Comparative Physiological, Proteomic, and Metabolomic Insights into a Promising Low-Pruning Mulberry Cultivar for Silkworm Rearing

Abstract

Mulberry (Morus spp.) is an economically significant plant in the production of silk through feeding leaves to silkworm larvae. Traditional silkworm rearing is heavily labor-intensive, particularly in leaf collection, which leads to low efficiency and impedes the development of sericulture. Here, to assess the feasibility and effectiveness of a novel low-pruning mulberry cultivar, ZJ1, in the silkworm rearing industry, a comprehensive investigation integrating physiological, proteomic, and metabolomic analyses was conducted in comparison with the traditionally high-pruning cultivar, N14. The low-pruning mulberry variety ZJ1 exhibited a notable increase in annual leaf yield of 43.94%, along with a significant enrichment of serine and isoleucine contents, in contrast to those of the high-pruning variety N14. Through iTRAQ proteomics and LC-MS/MS metabolomics analyses, a total of 561 reduced and 803 increased differentially expressed proteins (DEPs), as well as 332 differential expressed metabolites (DEMs) in positive ions and 192 DEMs in negative ions, were identified in the ZJ1 group relative to the N14 group, respectively. The observed features in amino acid profiles and the enrichment of the sucrose-related metabolic pathway provided interesting insights for future endeavors in mulberry variety improvement and the optimization of silkworm diet formulations. Collectively, the low-pruning cultivar ZJ1, characterized by its rapid growth, high leaf productivity, and suitability for mechanized operations, is expected to be an efficient substitute in improving the future sericultural industry, especially in urbanized and industrialized regions.

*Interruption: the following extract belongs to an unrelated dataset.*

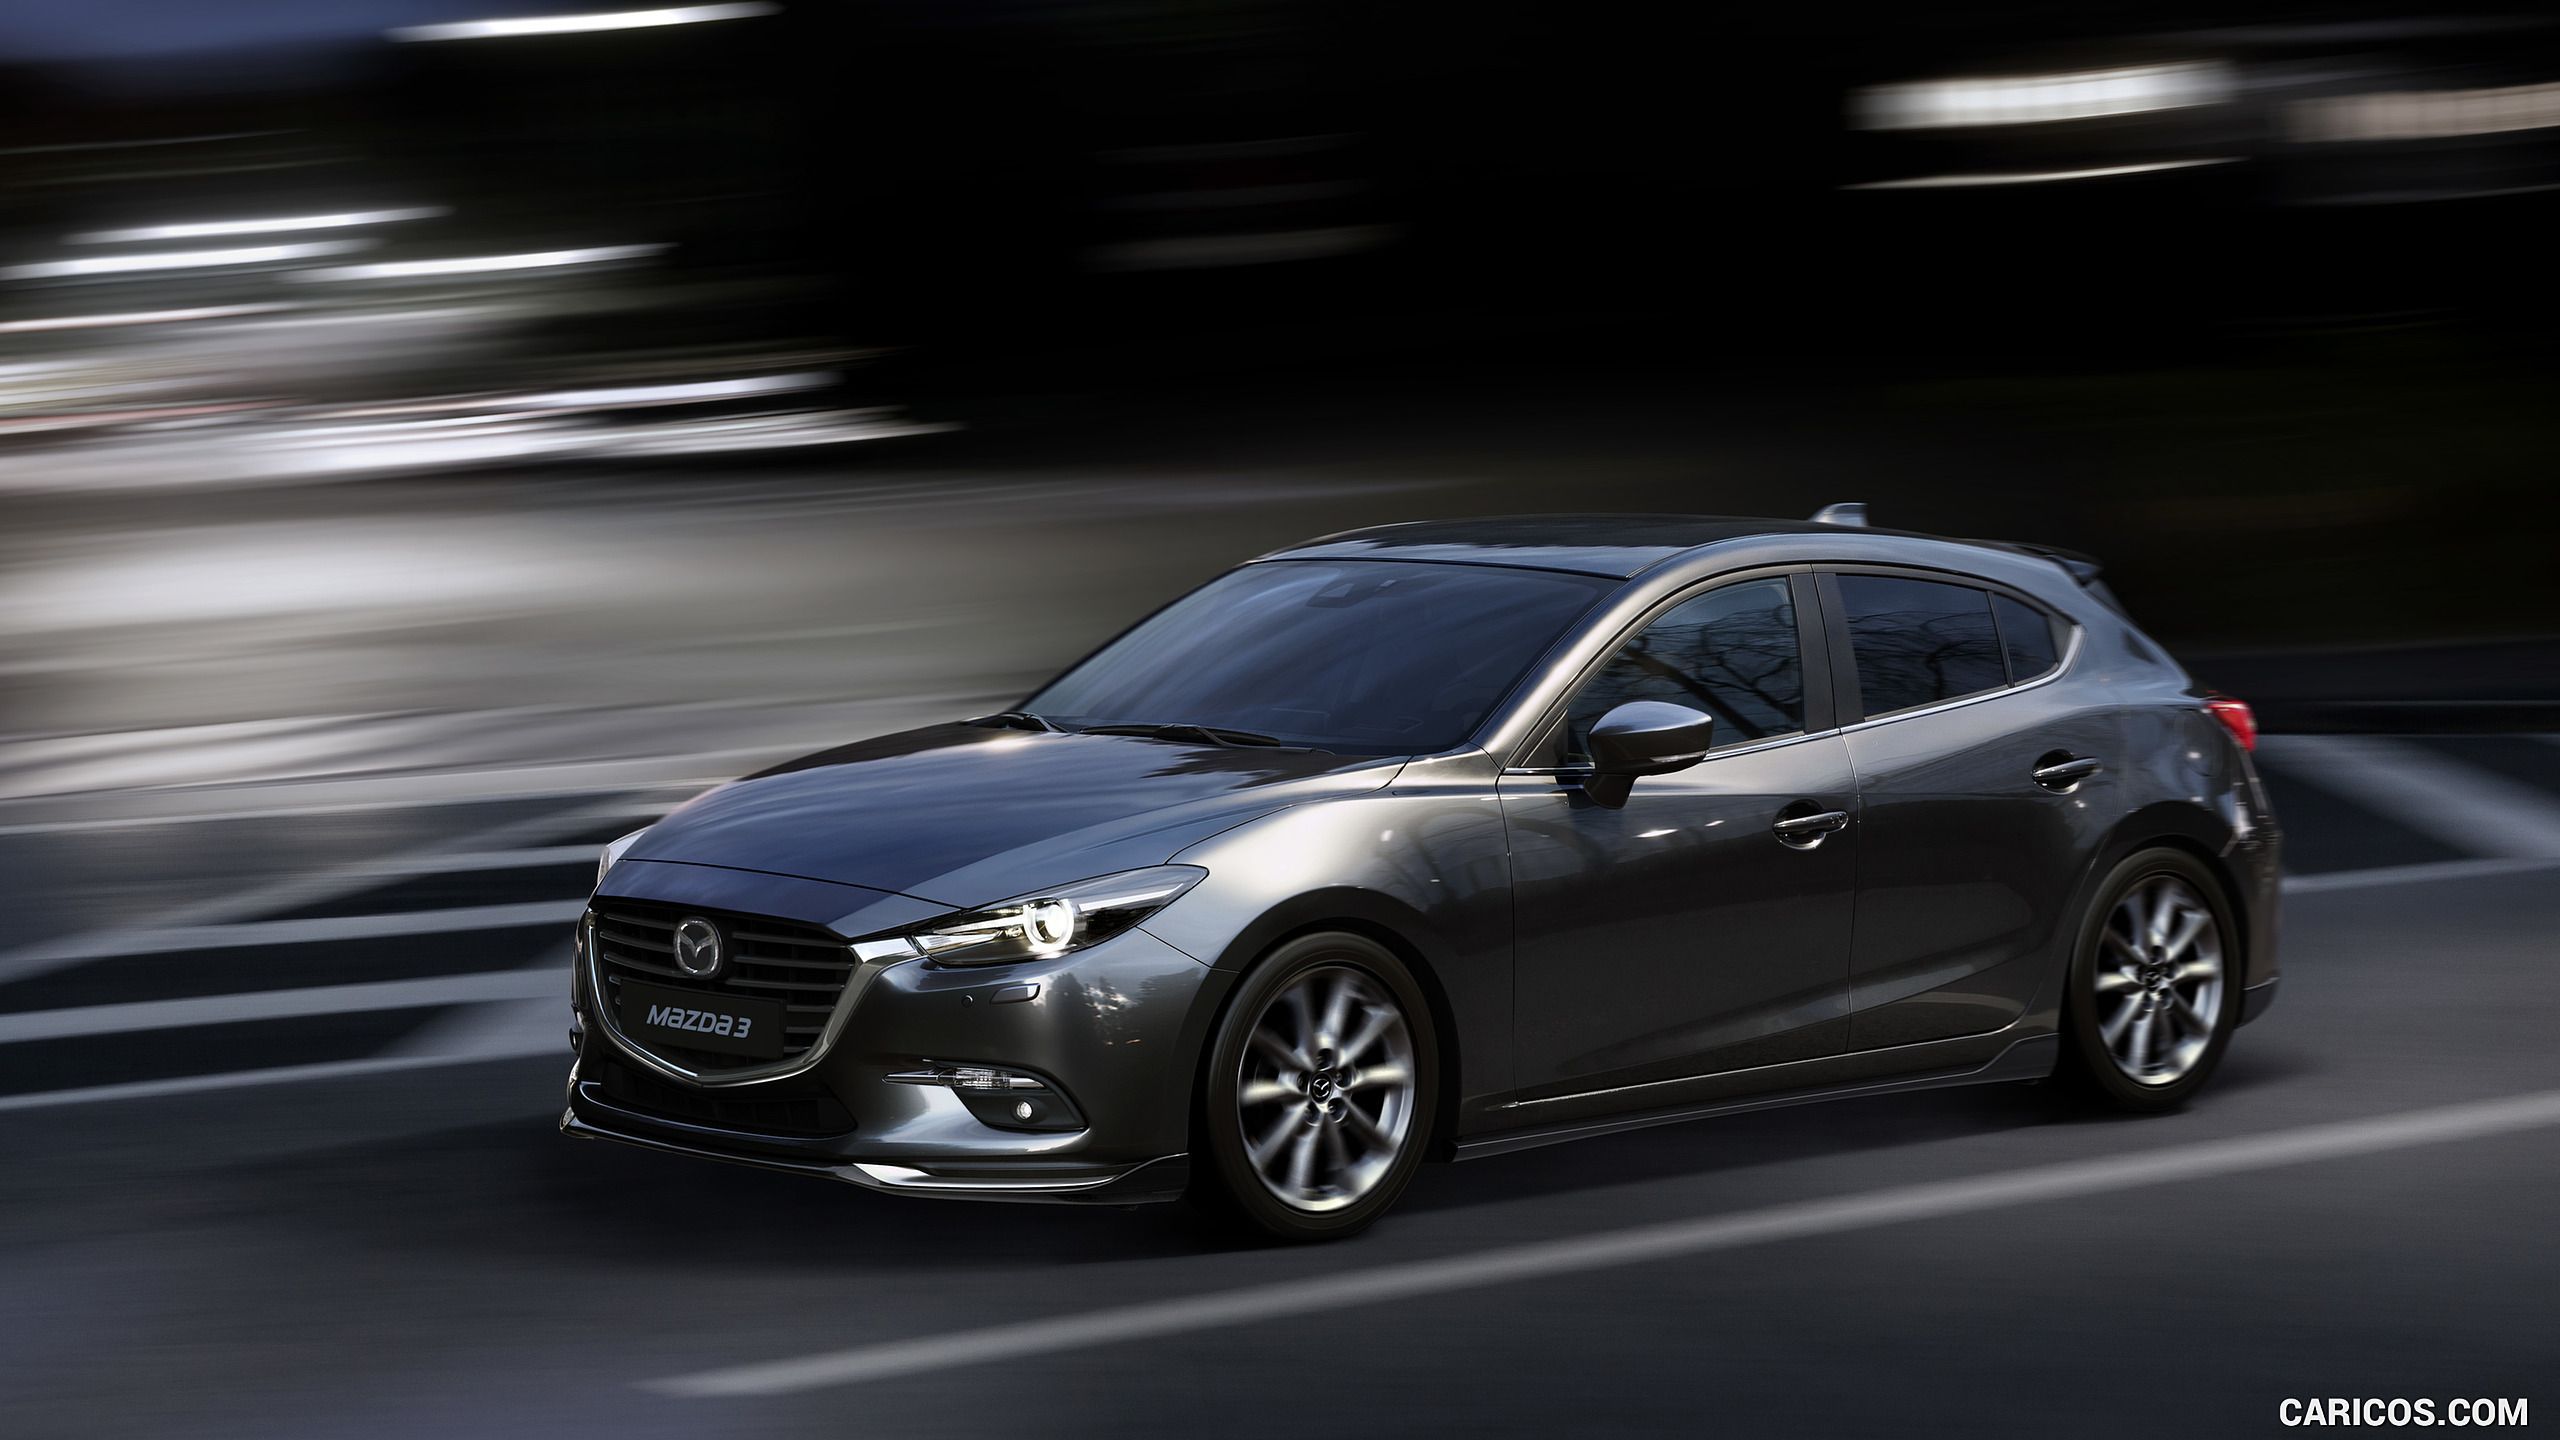 Top mazda 3 2017 wallpaper Download Book Source for free download HD, 4K & high quality wallpaper

Keywords: low-pruning cultivation; metabolomics; mulberry; proteomics; sericulture.

Figure 1

Field growth and harvest performance phenotype of different cultivated mulberries. The cultivation of high-pruning mulberry N14 before (A) and after (B) a field harvest. The cultivation of low-pruning mulberry ZJ1 before (C) and after (D) a field harvest. Scale bar = 50 cm.

Figure 2

Comparison of the cocoons produced by silkworms reared on different cultivated mulberry leaves. (A) Phenotypic comparison of the leaves of high-pruning (upper) and low-pruning (bottom) mulberries, respectively. (B) Silkworm cocoons produced by feeding high-pruning mulberry leaves (upper) and low-pruning mulberry leaves (bottom), respectively.

Figure 3

Identification and ontological classification of the differentially expressed proteins in low-pruning mulberry leaves. (A) Volcano plot of differentially expressed proteins, depicting the log2 fold-change (x-axis) versus the −log10 Qvalue (y-axis, representing the probability that the protein is differentially expressed). Qvalue < 0.05 and Foldchange > 1.2 are set as the significant thresholds for differential expression. The red and green dots indicate points of interest that display both large-magnitude fold-changes as well as high statistical significance. Dots in red mean significantly upregulated proteins which passed the screening threshold. Dots in green mean significantly downregulated proteins which passed the screening threshold. And gray dots are non-significantly differentially expressed proteins. (B) Gene ontology analysis of differentially expressed proteins. The x-axis displays the protein count; the y-axis displays the GO term.

Figure 4

Subcellular localization and enriched functional classification of DEPs in low-pruning mulberry leaves based on KEGG pathways. (A) Subcellular localization prediction of DEPs in low-pruning mulberry leaves. (B) Statistics of the top 20 enriched pathways of DEPs in each pairwise comparison.

Figure 5

Metabolomics analysis of low-pruning mulberry leaves and high-pruning mulberry leaves. Volcano plot (A,B), heatmap (C,D), and KEGG enrichment analysis (E,F) showing differently expressed metabolites (DEMs) in low-pruning ZJ1 leaves compared to those in high-pruning N14 leaves. The left line, including panels (A,C,E), shows the DEMs in positive ion mode. On the right panel, including panels (B,D,F), the DEMs in negative ion mode are displayed.

Figure 6

Integrated correlation analyses of proteomics and metabolomics data. (A) Heatmap showing correlation clustering of DEPs and DEMs identified in low-pruning mulberry leaves compared to that in high-pruning mulberry leaves. Each row represents a differential metabolite and each column represents a differential protein, with blue representing a negative correlation and red representing a positive correlation. (B) Splsda analysis of the correlation between differential proteins and differential metabolites in low-pruning mulberry leaves compared to that in high-pruning mulberry leaves. Each dot in the circle represents a protein, and each square represents a metabolite. An acute angle between differential proteins and differential metabolites stands for a positive correlation, while an obtuse angle stands for a negative correlation. The greater the length from the differential metabolites and differential proteins to the center of the circle, the stronger the relationship and vice versa.